Military Medical Readiness and Patient Experience with Access to Care

Med J (Ft Sam Houst Tex). 2022 Jan-Mar;(Per 22-01/02/03):3-10.


OBJECTIVES: Introduction: Medical readiness is an integral component of total readiness and a prime indicator of an individual’s overall fitness to deploy. Promoting medical readiness is the prime directive for military medical departments; however, there are few studies evaluating specific factors of care delivery that will improve medical readiness. In this study, we evaluated one of the common patient perceptions that access to routine and specialty care will have a positive effect on military medical readiness. Surprisingly, there appeared to be a reverse relationship between a patient’s perception of access to care and the correlation to their medical readiness.

MATERIALS AND METHODS: This study uses the Joint Outpatient Experience Survey data of Army active duty soldiers (December 2017 through May 2018) to investigate the relationship between access to care and medical readiness. Medical readiness scores were examined a month before and a month after a medical encounter. Medical Readiness Categories (MRC) were collected from the Army Medical Operational Data System Mainframe. Respondents of the survey were matched to MRC data. Comparisons were made using chi-square tests and Wilcoxon rank-sum non-parametric tests to determine whether there were differences in readiness and patient experience ratings before and after the encounter. Logistic regressions were also conducted to predict the odds of non-readiness based on the type of health care visit.

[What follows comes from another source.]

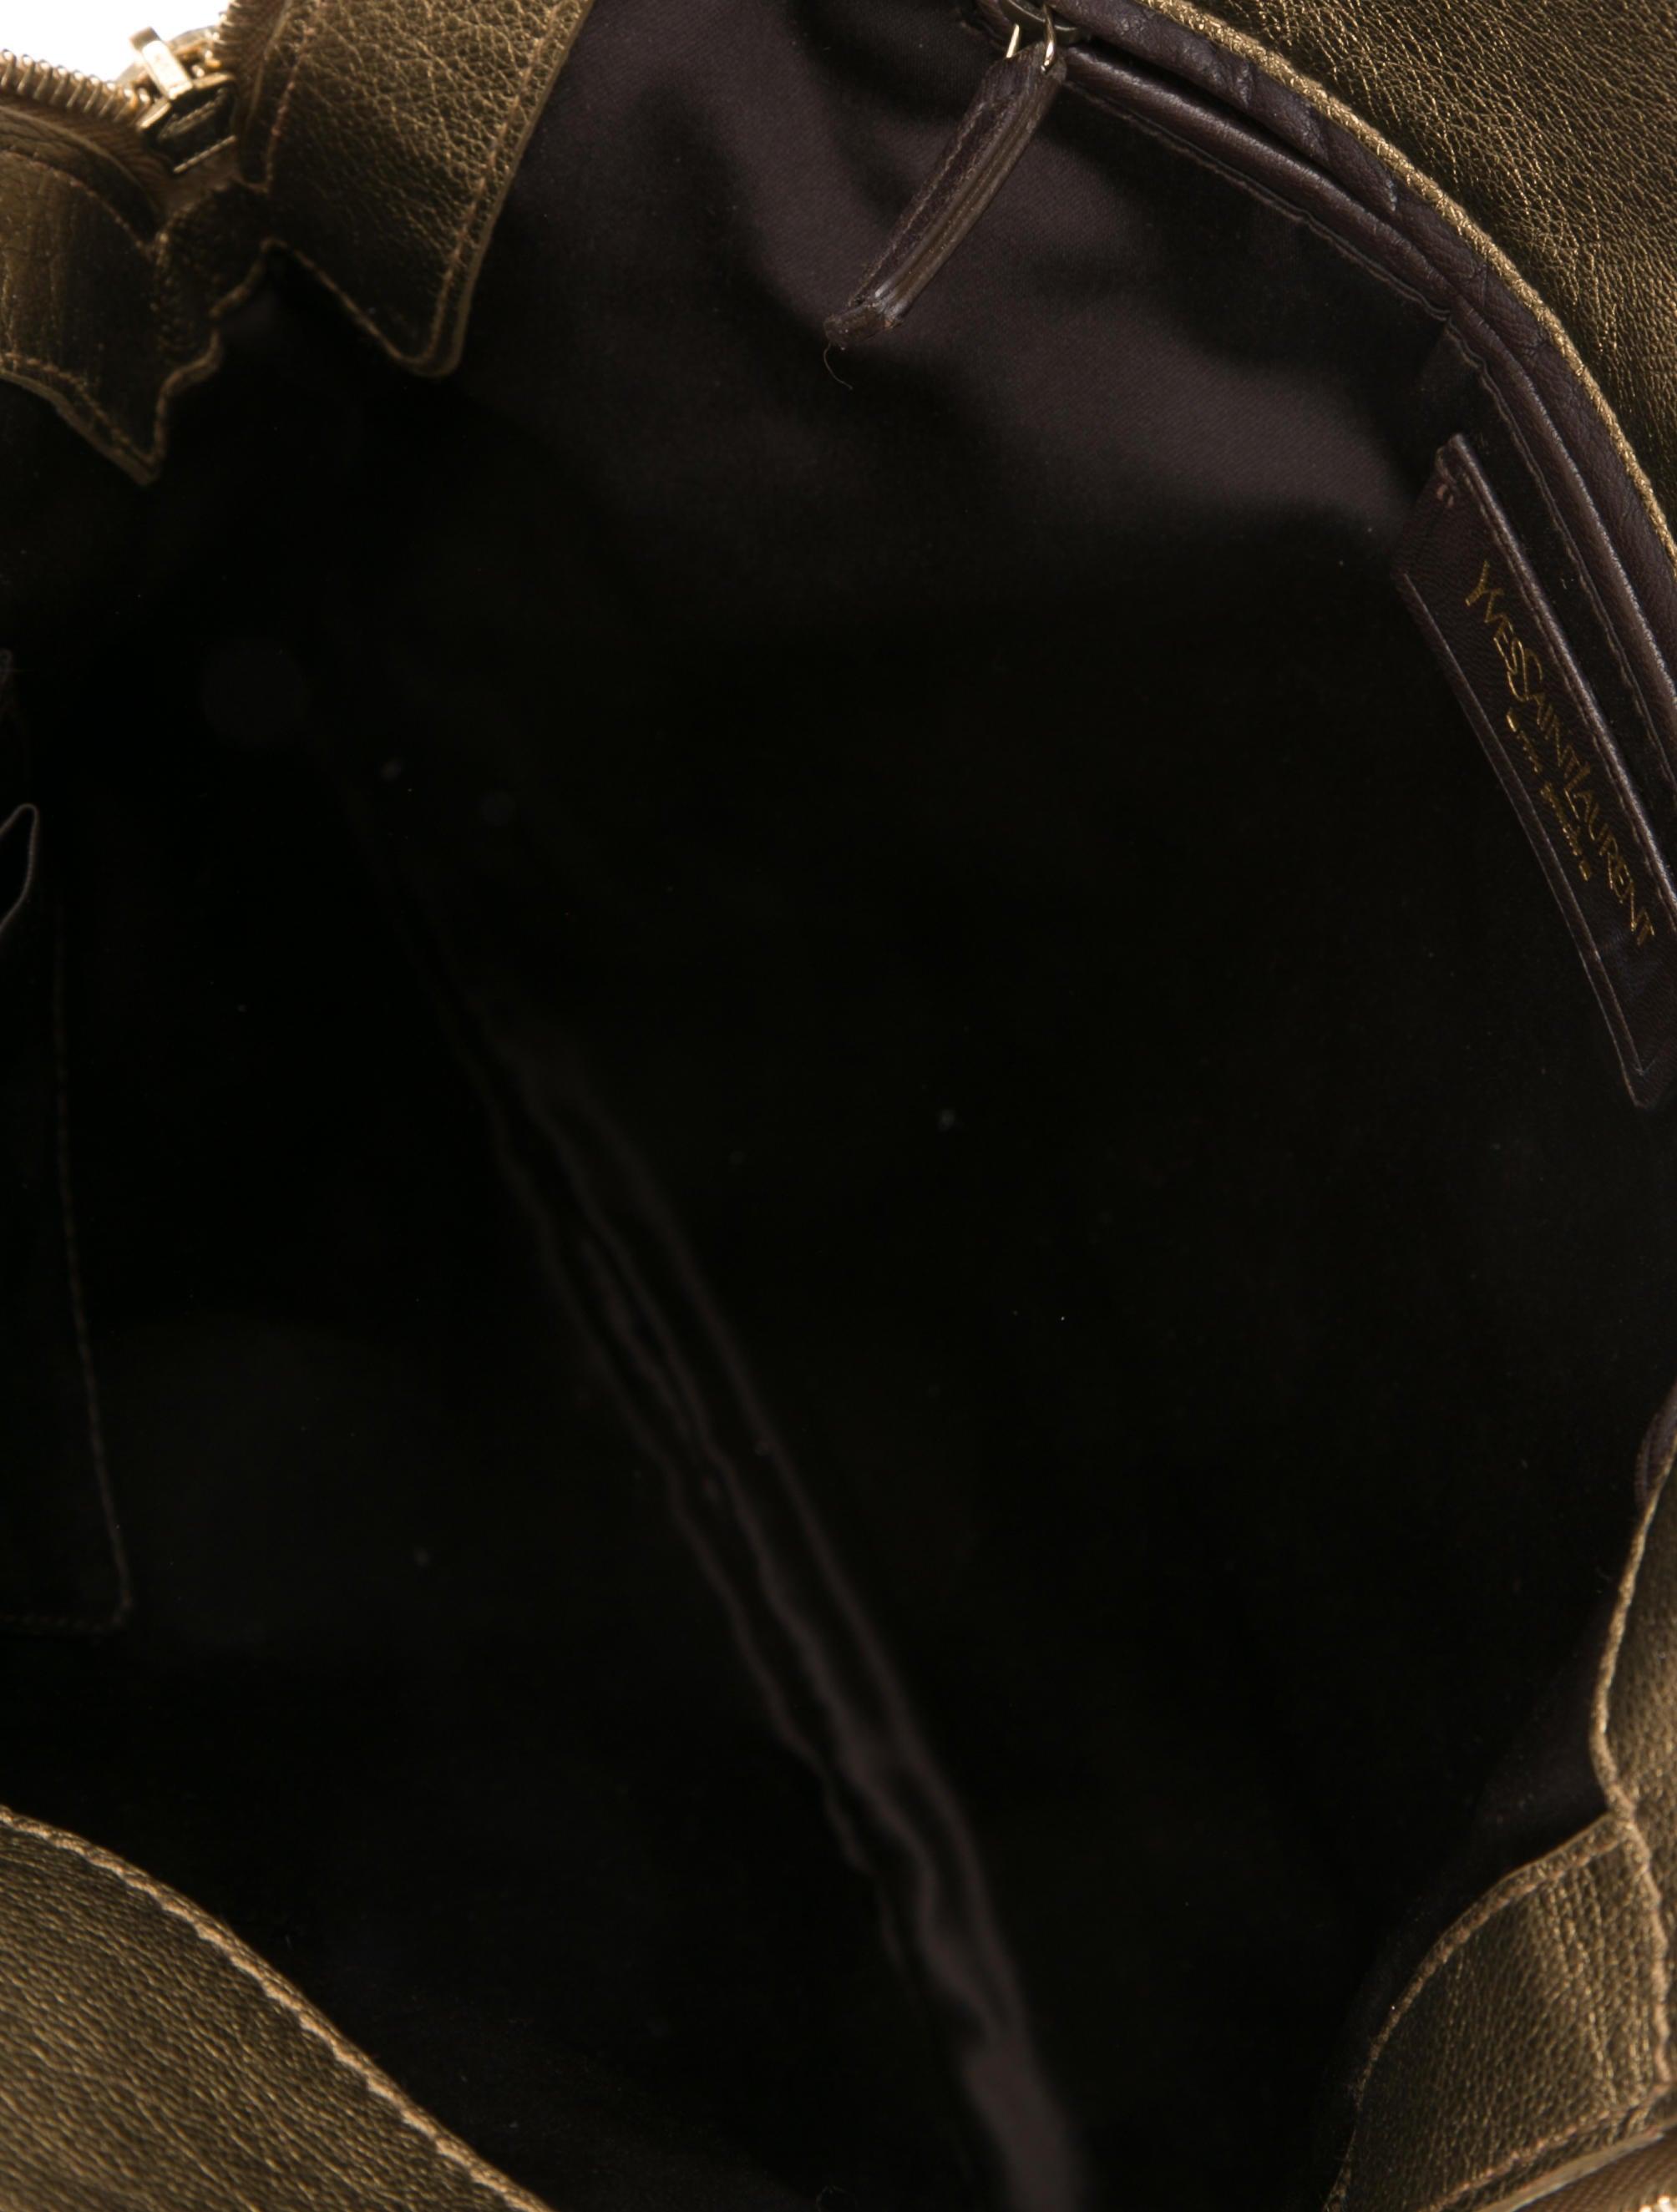 yves saint laurent cabas chyc mini leather satchel - yves saint laurent metallic mini tribute tote, yves saint laurent ...
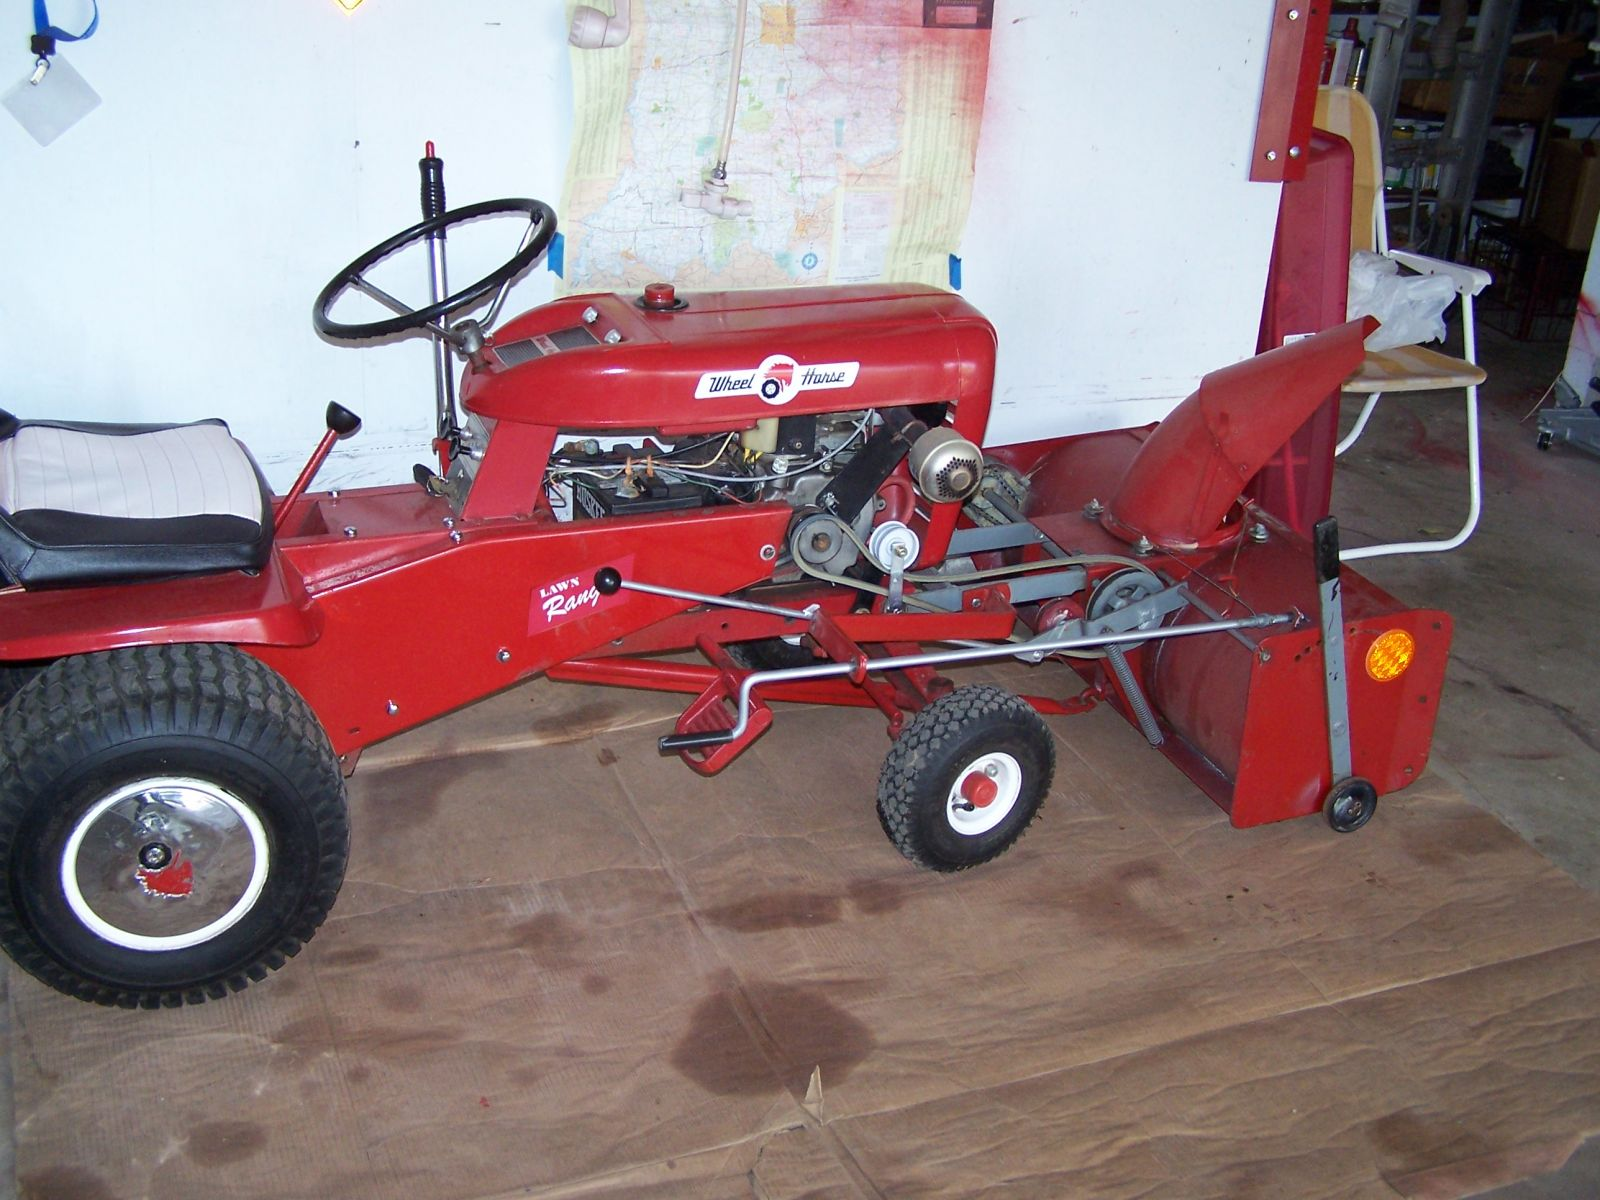 1967 Wheel Horse Lawn Ranger , L-157 tractor

RESULTS: Soldiers who were medically non-ready were more likely to be above age 35 years or have specialty care encounters. Results indicated those meeting all medical readiness requirements or having minor medical issues that could be resolved quickly, generally rated access to care slightly lower compared to those who were medically non-ready. Musculoskeletal Injuries (MSKIs) are the leading cause of medical non-readiness. As a result, this study explored access to care for MSKIs. Although there were no statistical differences in access ratings for those with MSKIs compared to those without MSKIs, there were statistically significant differences in self-reported health. Individuals with MSKIs tended to report poorer health status. Those with specialty care visits had 1.79 times significantly greater odds (p is less than .05) of being non-medically ready compared to those with primary care. For visits related to MSKI (e.g., physical medicine, orthopedic, or chiropractic etc.), those with an orthopedic or occupational therapy visit had 1.25 and 1.59 significantly greater odds (p is less than .05) of being considered not medically ready compared to all other MSKI related visits before the encounter. However, after the encounter, those with orthopedic care had significantly higher odds of improved readiness.

CONCLUSIONS: Findings from this study help contextualize who is considered medically non-ready as well as differences in access to care experiences for this group. The lowest scoring areas for improving access to care include ease of making appointment, time between scheduling an appointment and the visit, and being seen past the scheduled time. Given that musculoskeletal injuries tend to require long term specialized treatments such as physical and occupational therapy, findings from the logistic regressions suggest that access and adherence to such treatments, particularly for orthopedic care, are helpful in improving medical readiness.